Il DNA antico ha così permesso non solo di far chiarezza sulla nostra evoluzione, ma anche, spesso, di riscriverla. E’ il caso di Homo Neanderthalensis. Fino a pochi anni fa questo antico ominide era considerato il nostro lontano progenitore, ma ad oggi possiamo dire che siamo di fatto due specie distinte e coesistenti del tardo Pleistocene. In altre parole, i Neanderthal non sono altro che i nostri lontani cugini. Isolando ed analizzando alcuni geni neanderthaliani è stato anche possibile dare loro un volto ed una cultura. Sappiamo infatti che avevano la pelle chiara, i capelli rossi e, con tutta probabilità, un ancestrale linguaggio articolato condiviso con i primi Sapiens.
Tutto ciò che siamo è scritto dunque nel nostro DNA, tramandato di millennio in millennio, di migrazione in migrazione, dai nostri avi. La nostra storia è quindi “solamente” in attesa di essere letta.
Bibliografia
– Caramelli D., Lari M., 2004 “Il DNA antico. Metodi di analisi e applicazioni” Angelo Pontecorboli editore, Firenze.
– Cooper A., Rambaut A., Macaulay V., Willerslev E., Hansen A.J., Stringer C., 2001 : “Human Origins and Ancient Human DNA”. Science, 292.
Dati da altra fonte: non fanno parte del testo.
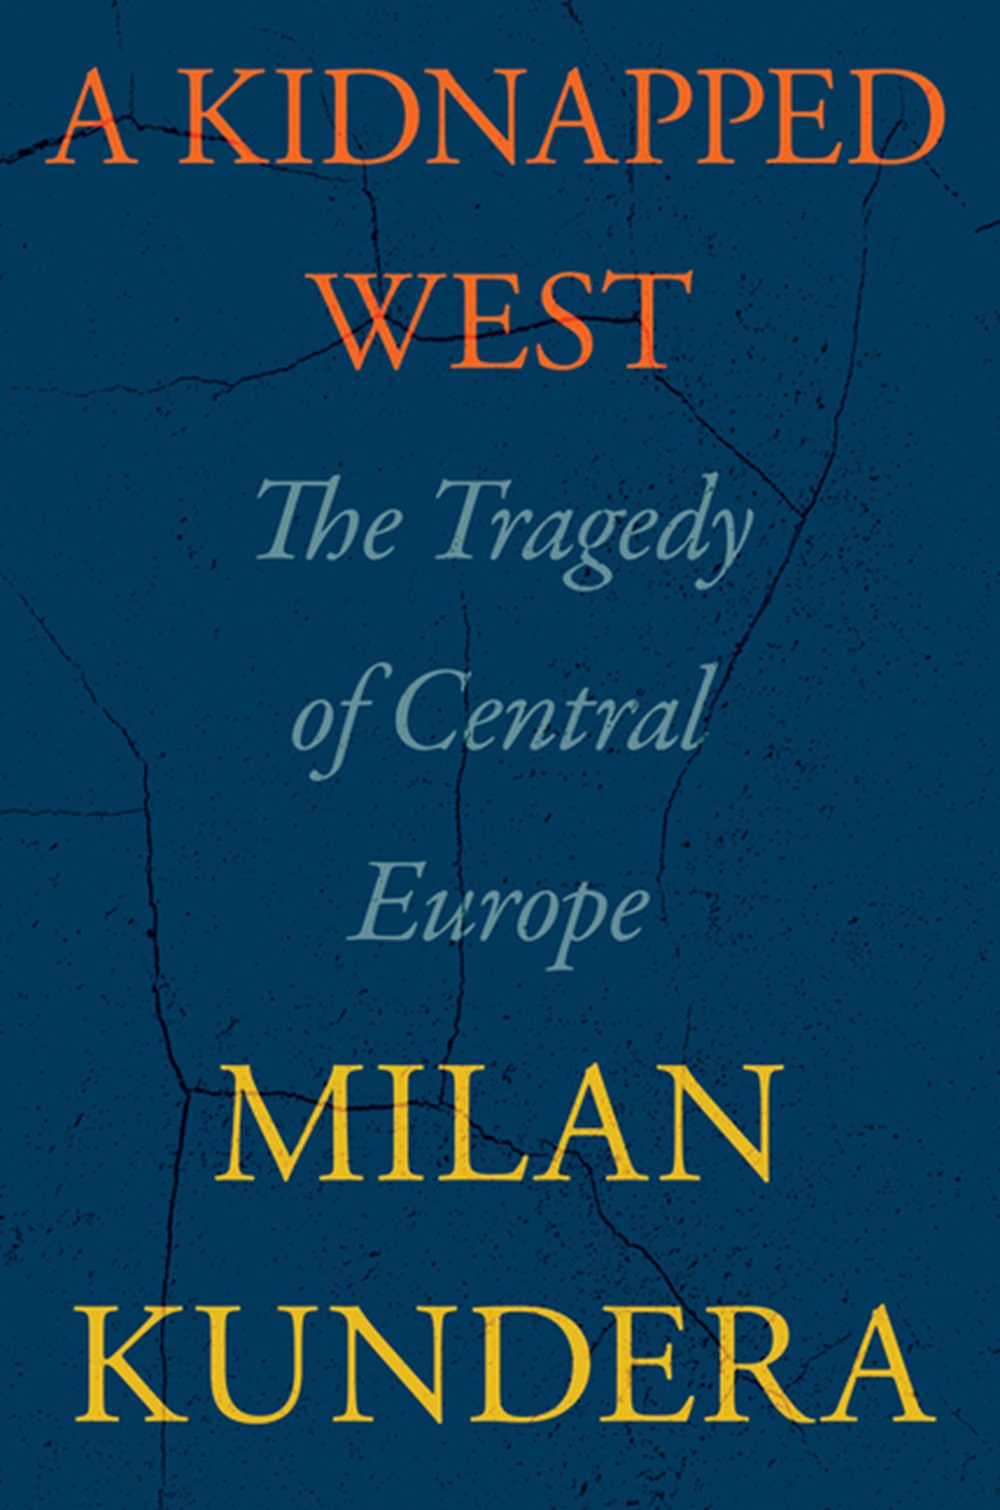 Kidnapped West: The Tragedy of Central Europe

– Fu Q., Mittnik A., Johnson P. L., Bos K., Lari M., Bollongino R., Sun C., Giemsch L., Schmitz R., Burger J., Ronchitelli A. M., Martini F., Cremonesi R. G., Svoboda J., Bauer P., Caramelli D., Castellano S., Reich D., Paabo S., Krause J. :“A revised timescale for human evolution based on ancient mitochondrial genomes”. Curr Biol. 2013 Apr 8;23(7):553-9.